Simple analysis process, configure the required environment by yourself.
- Get less variation in the number of homologous genes and more species with homologous genes.
- Mainly use deal_orthohmm_gene_count.py script to calculate orthohmm_gene_count.txt and then extract cds sequence.

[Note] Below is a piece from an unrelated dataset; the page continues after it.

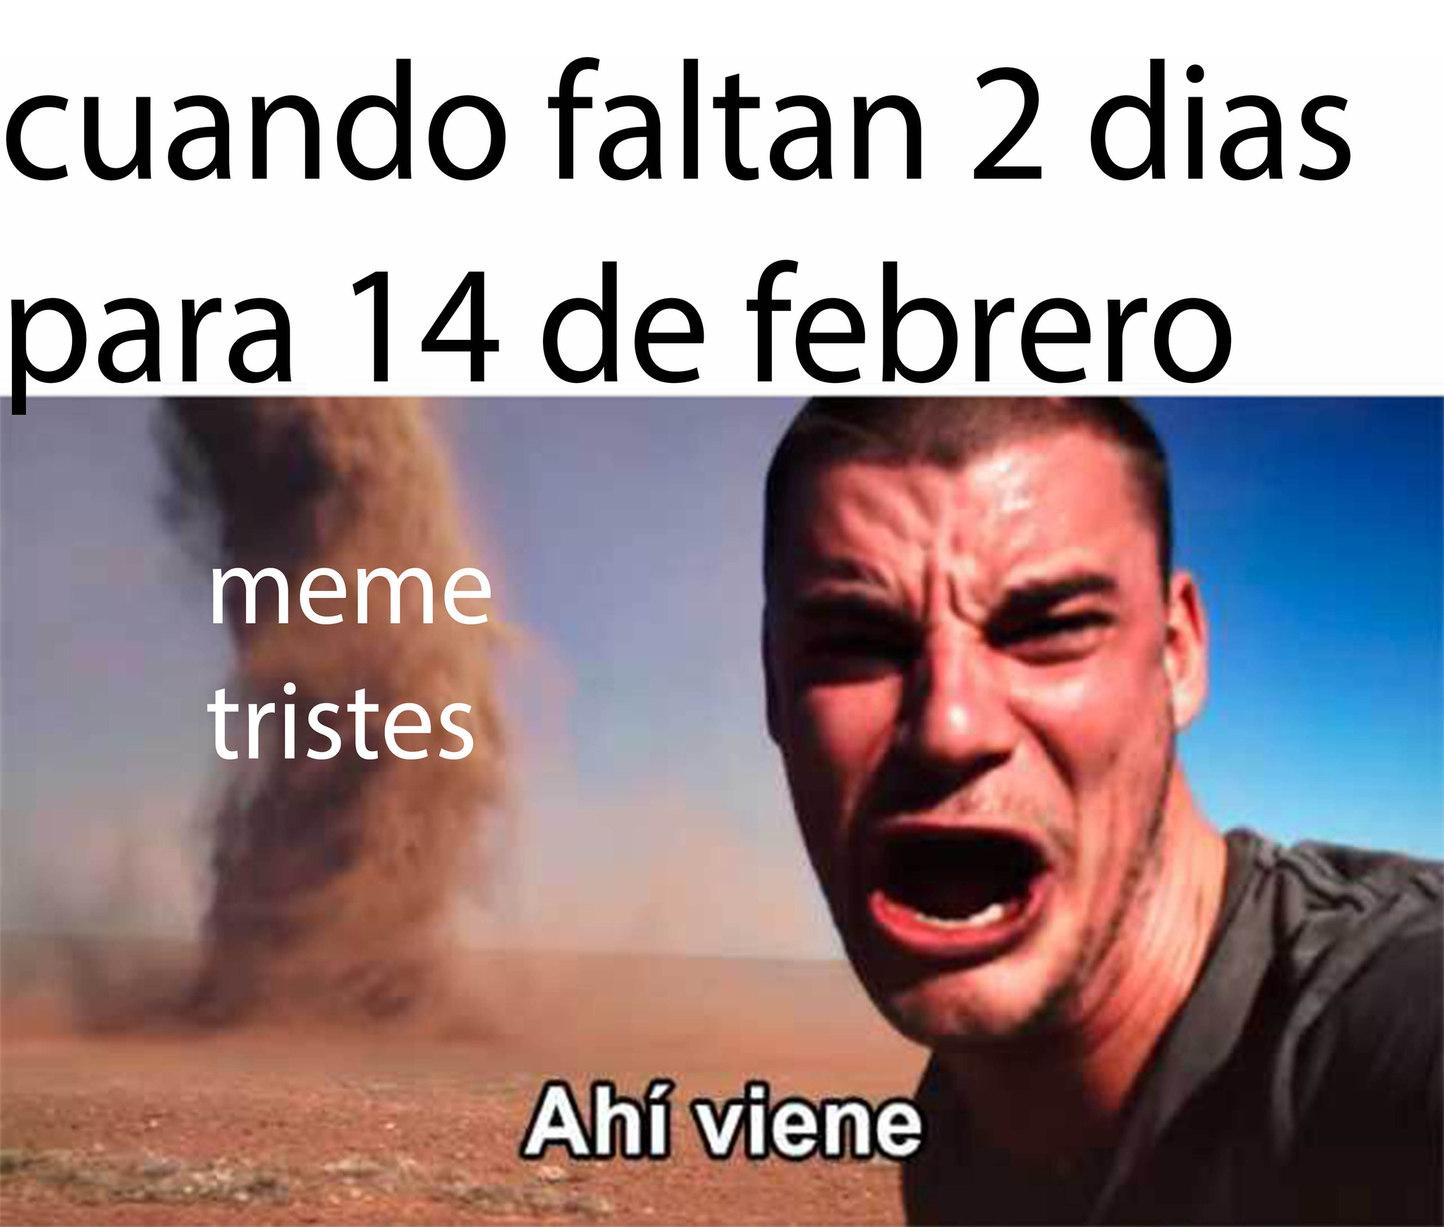 cuidado ahi viene 14 de febrero - meme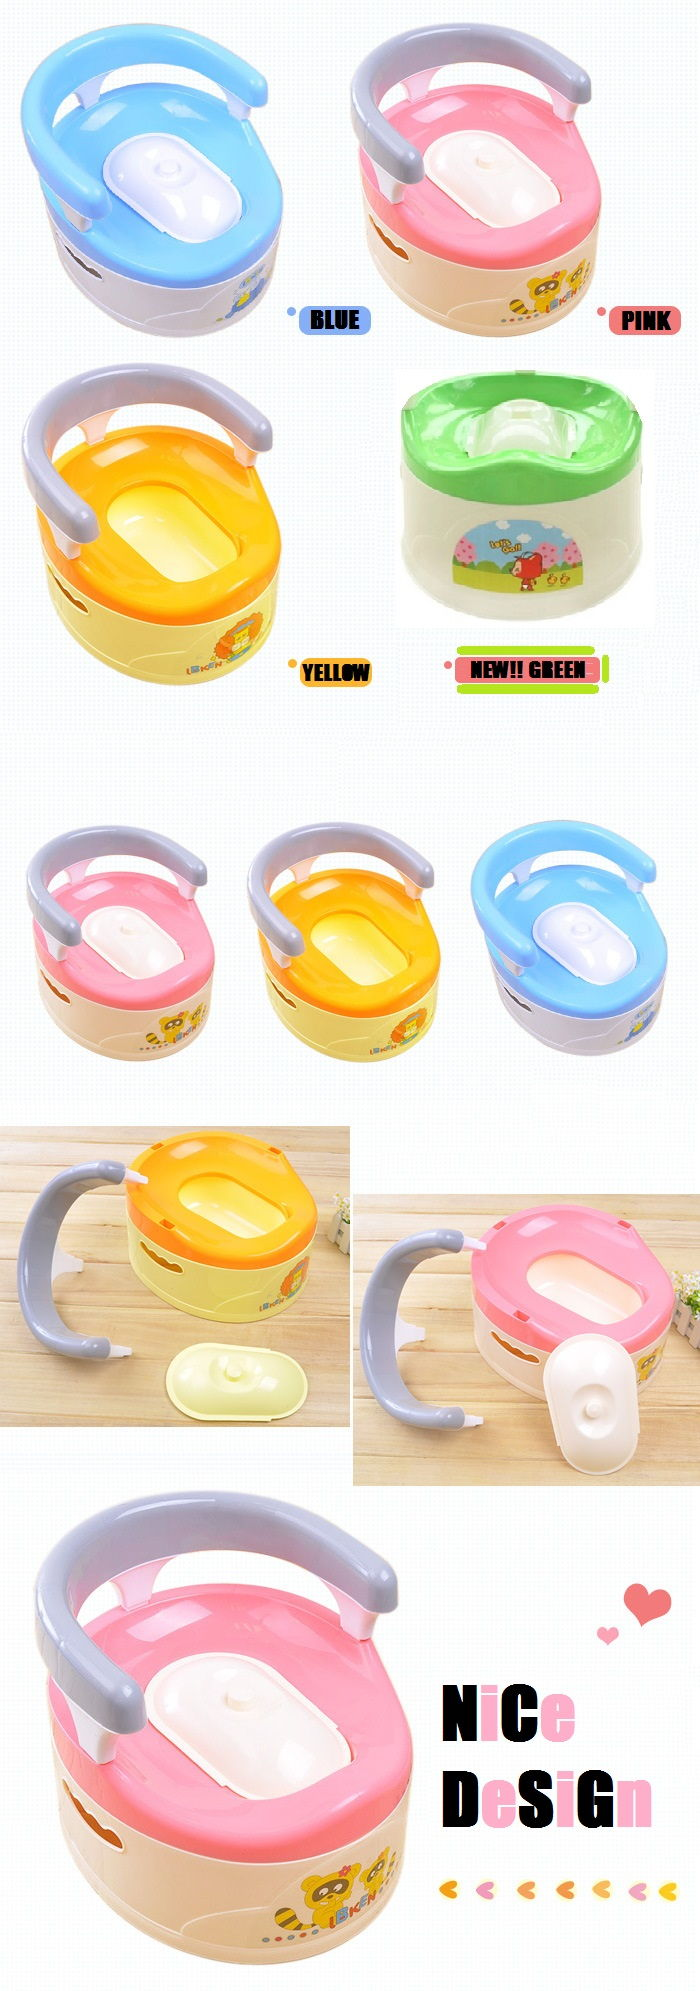 Baby Bullet Baby Food Blender

- Make all command to get best unique homologous gene.
- Improve cds sequences whose length is not a multiple of three.
- Of course you can choose not to filter.
- OMM_MACSE: Multiple Alignment of Coding SEquences Accounting for Frameshifts and Stop Codons
- Constructing gene trees.
Finally, inferring species trees from gene trees by astral-pro3 or tree-qmc.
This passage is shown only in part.